[英]Replace text in HTML within multiple tags using Jsoup in Java
I am reading a HTML file line by line using java. 我正在使用Java逐行读取HTML文件。 Consider i am having a HTML line 考虑我有一个HTML行
<p> Hi everyone. This is a <em>dead end.</em> Do not go!</p>
I want to change the text in the line to 我想将行中的文本更改为
<p> Hi everyone. This is not a <em>dead end.</em>You may go!</p>
The Inputs will be given as 输入将给出为
This is a dead end. Do not go!
更改自: This is a dead end. Do not go!
This is a dead end.
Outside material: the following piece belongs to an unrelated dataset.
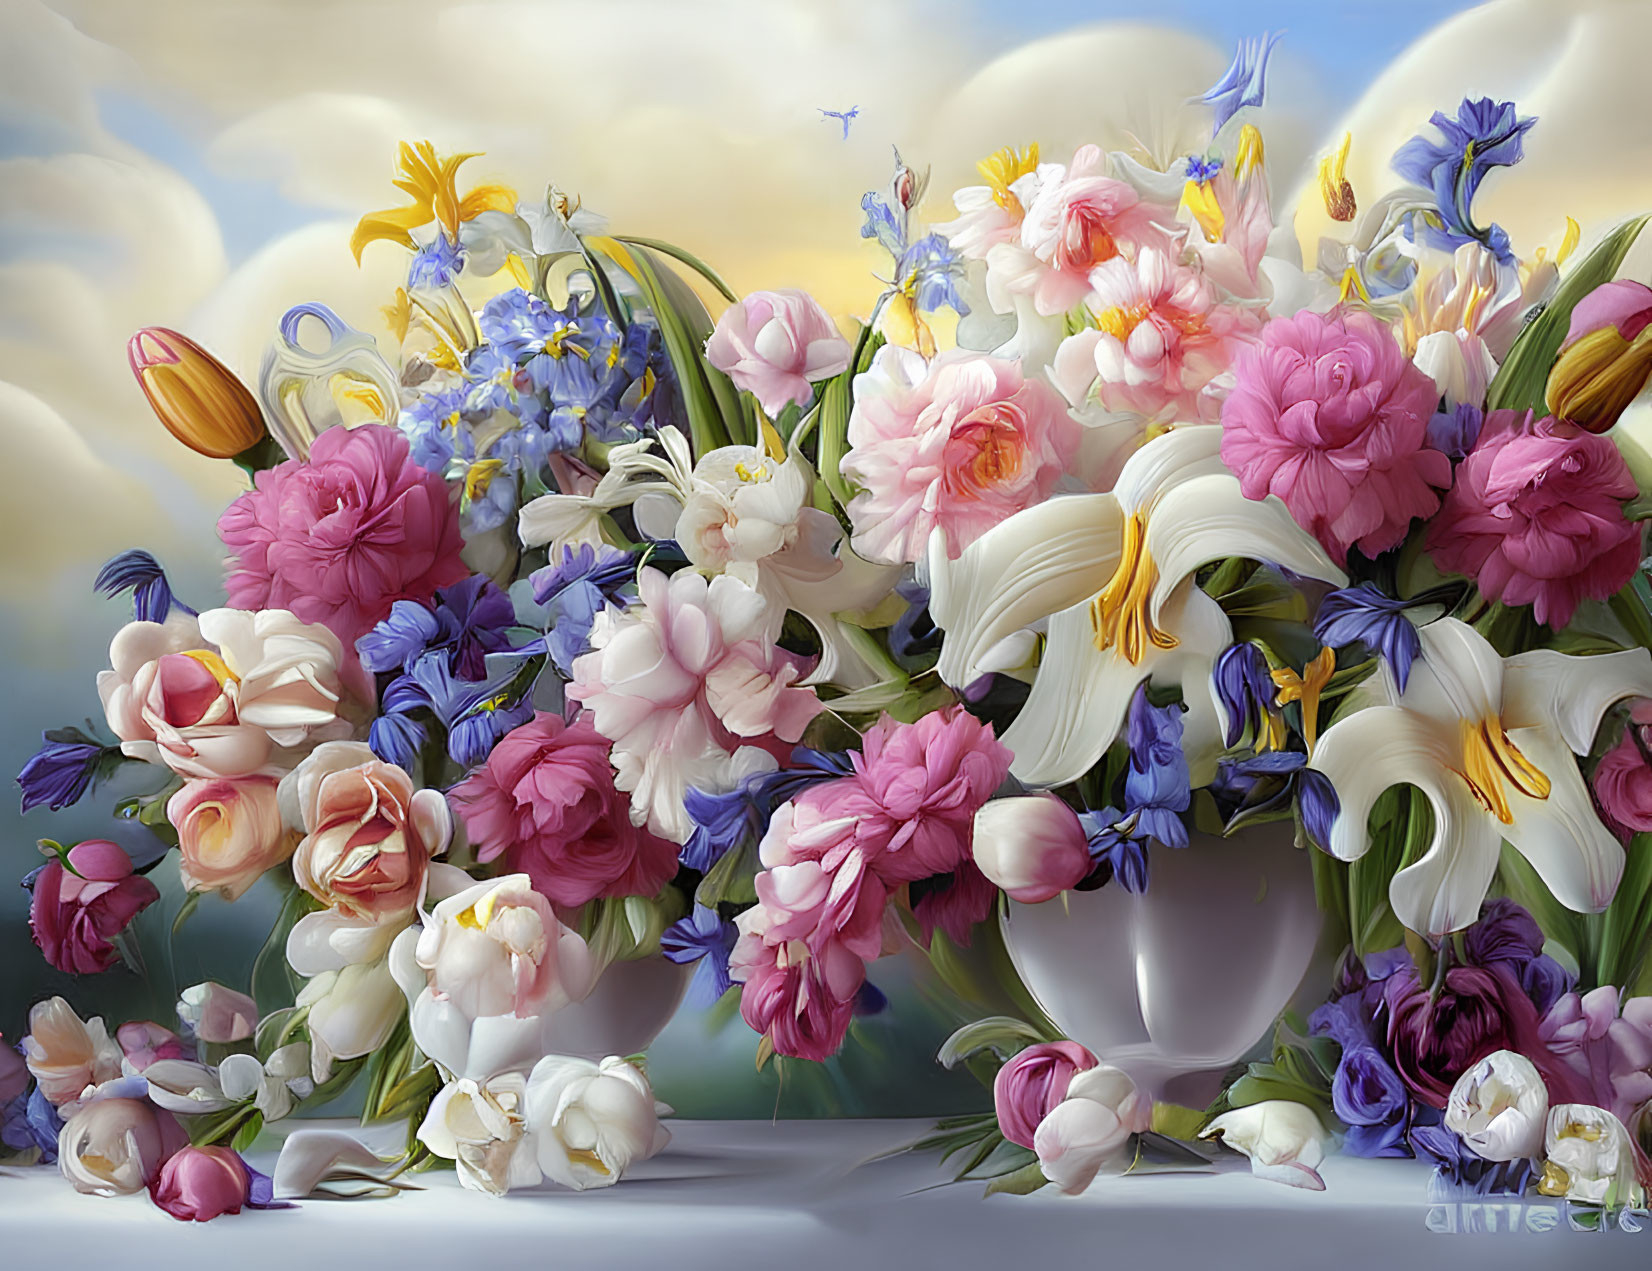 Assorted Full Bloom Flowers in White Vase on Cloudy Sky Background
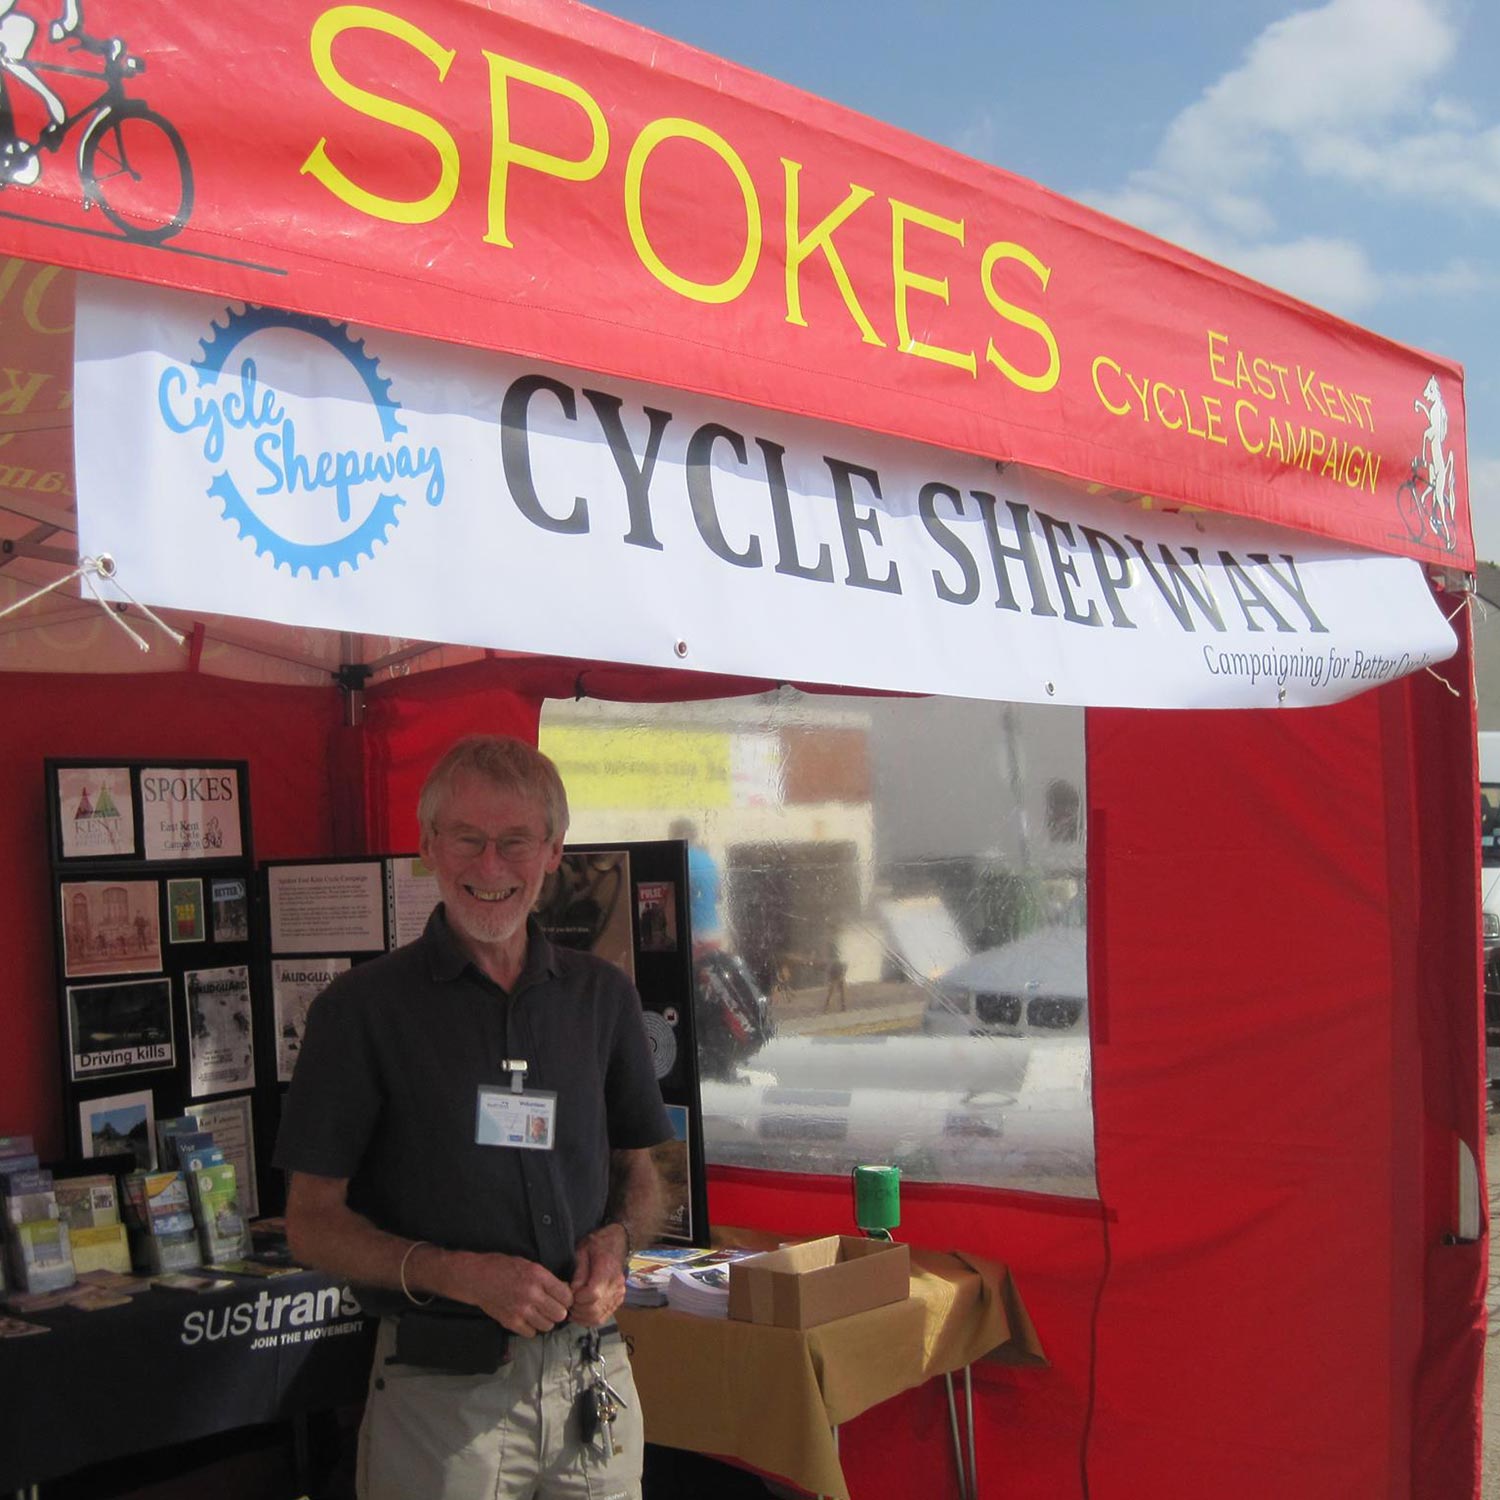 Paul Rees - CYSY Committee Member and Supporter of Spokes, the East Kent Cycling Campaign Group

Do not go!
This is not a dead end. You may go!
更改为: This is not a dead end. You may go!
This is not a dead end. You may go!
How can i do this without disturbing the HTML tags using Jsoup in Java or any other methods in java. 我该如何使用Java中的Jsoup或Java中的任何其他方法来在不干扰HTML标记的情况下执行此操作。 Please help 请帮忙
As an alternative to MCL 's solution, here a fully Jsoup based one: 作为MCL解决方案的替代方法,这里有一个完全基于Jsoup的解决方案:
First, here's how Jsoup see's your html: 首先,这是Jsoup看到您的html的方式:
org.jsoup.nodes.TextNode: Hi everyone. This is a
org.jsoup.nodes.Element: <em>dead end.</em>
org.jsoup.nodes.TextNode: Do not go!
All three nodes are children of the <p>...</p>
element. 这三个节点都是<p>...</p>
元素的子级。
And here's the (very verbose) code: 这是(非常冗长的)代码:
final String html = "<p> Hi everyone. This is a <em>dead end.</em> Do not go!</p>";
Document doc = Jsoup.parseBodyFragment(html); // Parse html into a document
Element pTag = doc.select("p").first(); // Select the p-element (there's just one)
// Text before 'em'-tag
TextNode preEM = (TextNode) pTag.childNode(0);
preEM.text(preEM.text().replace("This is a", "This is not a"));
// Text after 'em'-tag
TextNode postEM = (TextNode) pTag.childNode(2);
postEM.text("You may go!");
System.out.println(pTag); // Print result
Output: 输出:
<p> Hi everyone. This is not a <em>dead end.</em>You may go!</p>
This will keep all html formatting and / or will work in full documents. 这将保留所有html格式和/或将在完整文档中工作。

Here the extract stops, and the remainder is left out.